Gabriele Mintz is the daughter of the lawyer Maximilian Mintz and the economist Ilse Mintz , her grandfather Richard Schüller was an Austrian high official in the Foreign Ministry and envoy to the League of Nations , who had to flee from Europe to the USA in 1938 because of the Nazi persecution of Jews. Her parents also managed to escape Austria in 1938 and the family moved to Riverdale , Bronx . Her brother Walter Mintz (1929-2004) became an investment banker.

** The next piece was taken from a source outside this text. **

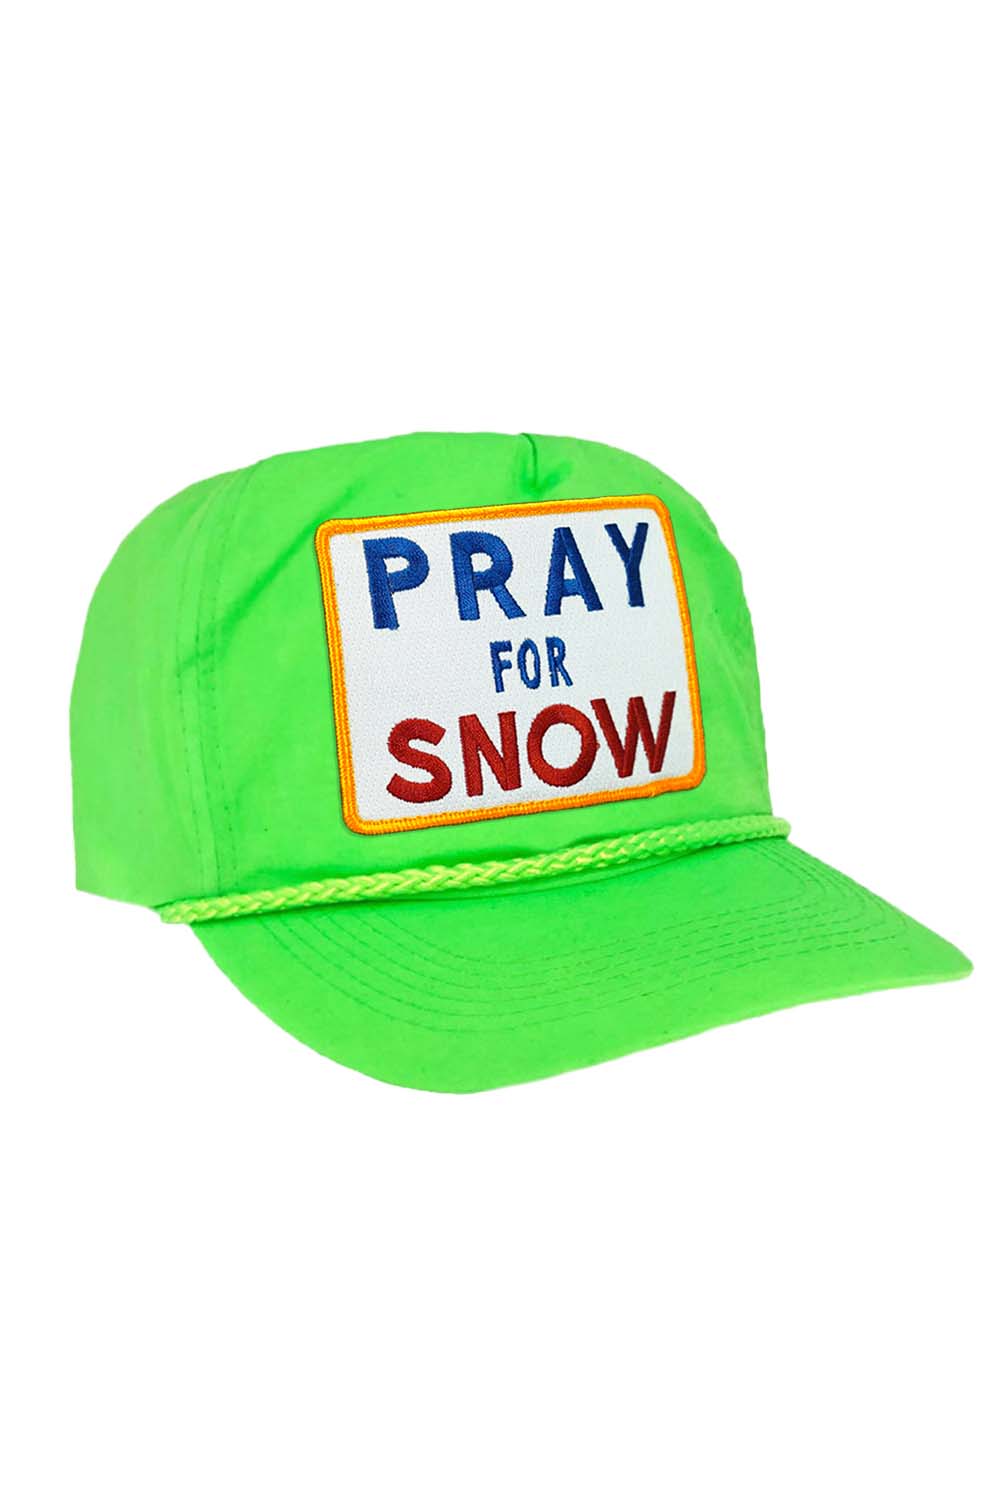 PRAY FOR SNOW - VINTAGE NYLON TRUCKER HAT HATS Aviator Nation NEON GREEN 
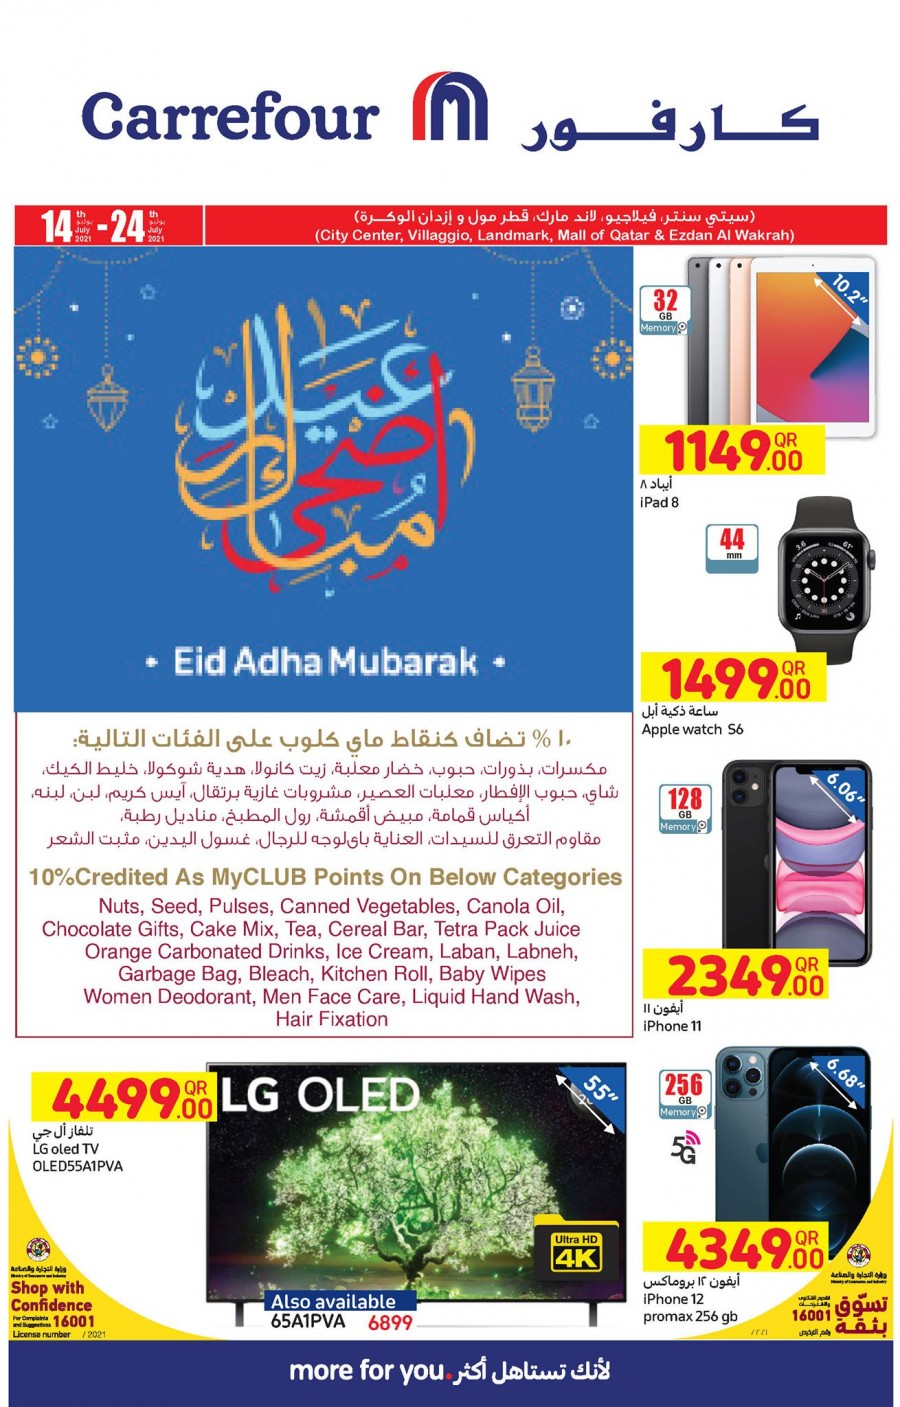 Carrefour Eid Adha Offers

Gabriele Mintz took the first name Marjorie as a teenager and attended Oberlin College and Barnard College from 1949 to 1952 . She married the cardiologist Joseph Perloff (1924–2014) in 1954 and they have two children.

Perloff graduated from the Catholic University of America in Washington, DC in 1956 after interruptions due to raising children, where she received her PhD there in 1965 with a dissertation on WB Yeats . Perloff taught from 1966 to 1971 at Catholic University and then received a professorship in English at the University of Maryland, College Park (1971-1976). Further professorships were from 1976 to 1986 at the University of Southern California and the following years until her retirement in 2001 at Stanford University . As an emerita, she returned to the University of Southern California to teach there. She became a member of the American Academy of Arts and Sciences in 1997 .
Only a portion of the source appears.